Review by Alessio Travaglia
The Evolution of Beauty
How Darwin's Forgotten Theory of Mate Choice Shapes The Animal World -- And Us
Book by Richard O. Prum
I’m wearing a grey suit, a light blue shirt and a striped tie. I don’t particularly like to dress up, especially on a warm day. I’m seeing the first drops of sweat on my forehead, and the tie is reducing the oxygen flow to my brain, but I know that Allie, my fiancée, will like my attire.
We are late, and while she finishes putting on her make up, I’m sitting in the living room staring at my fish tank. I always enjoy watching the colorful fish – each with a unique shape, size, and color – darting around the tank in their hypnotic dances. (The fish are so beautiful; it never occurs to me to wonder why.)
Allie is finally ready; I hear the clap of her high heels. She looks stunning! Today her long blond hair is down; she is wearing a white and blue dress. Then, the question I was expecting: “How do I look?”
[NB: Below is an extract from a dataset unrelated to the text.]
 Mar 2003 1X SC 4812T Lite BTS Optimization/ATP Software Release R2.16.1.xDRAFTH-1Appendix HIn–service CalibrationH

As a partner, I only have one possible, acceptable answer: “Beautiful!”
As a neuroscientist, I can dissect the question. What sensory information do we perceive and process when we look at someone? What are the molecular mechanisms of attraction? What do we find beautiful? Ultimately, what is beautiful?
The Evolution of Beauty by Richard Prum is a fascinating, entertaining, and provocative attempt to answer that question.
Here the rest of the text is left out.